I can't remember the unit but I recall once (only once) someone mentioned that SQ could also be done on weekends. That gave me some hope of making this work if I went the NCM route. If I joined, I would be shooting for a September intake (with application in ealry summer) precisely to capitalize on the weekend BMQ schedule.


----------



## PuckChaser (12 Jan 2012)

nick_the_guy said:
			
		

> I can't remember the unit but I recall once (only once) someone mentioned that SQ could also be done on weekends. That gave me some hope of making this work if I went the NCM route. If I joined, I would be shooting for a September intake (with application in ealry summer) precisely to capitalize on the weekend BMQ schedule.

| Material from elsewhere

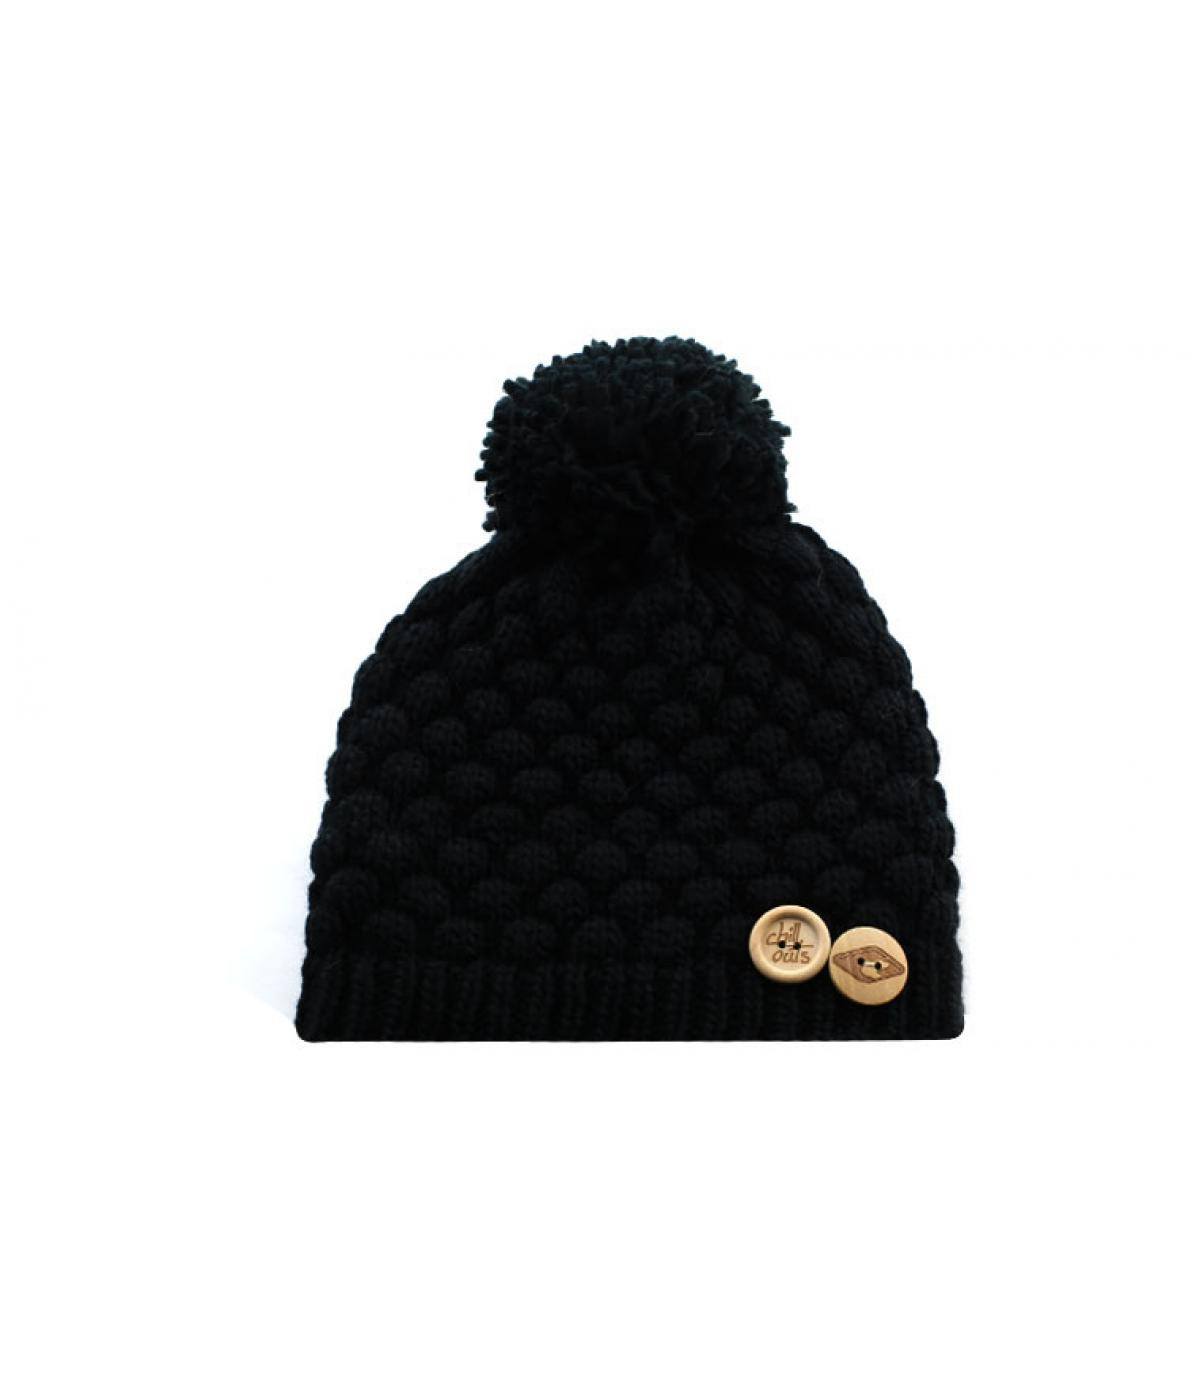 Dettagli Nora Kid Hat black - image 2

Your reserve career is going to be severely limited if you can't do summer courses. If you manage to get BMQ and BMQ-L done on weekends, you still have to do a DP1 course. The reserve unit isn't going to keep you around as a 3 year private with no DP1 course because you can't work summers.


----------



## nick_the_guy (13 Jan 2012)

PuckChaser said:
			
		

> Your reserve career is going to be severely limited if you can't do summer courses. If you manage to get BMQ and BMQ-L done on weekends, you still have to do a DP1 course. The reserve unit isn't going to keep you around as a 3 year private with no DP1 course because you can't work summers.



Oh heck ya, I know. That's why I haven't joined the reserves, otherwise I would have joined about 2.5 years ago. I have been thinking of coordinating joining the reserves with a job change or going back to school to earn a graduate degree (maybe slip in CAP before rejoining the workforce). A risky strategy, given how inconsistent training schedules seem to be.


----------



## Ralph (26 Jan 2012)

PuckChaser said:
			
		

> Your reserve career is going to be severely limited if you can't do summer courses. If you manage to get BMQ and BMQ-L done on weekends, you still have to do a DP1 course. The reserve unit isn't going to keep you around as a 3 year private with no DP1 course because you can't work summers.



No reserve unit is going to kick somebody out if they're unable to do their DP1 because of a civvy job. It's hard enough to get rid of someone who's on the NES list for never parading. Your career will be severely limited and you'll end up doing a whole bunch of GD on exercises, but if you keep showing up and show an interest in getting your trade course ASAP, they'll do what they can for you.


----------



## Hank V. (8 Apr 2017)

Necropost

Weapons Tech Land DP1 probably isn't available part time is it? Does anyone know?


----------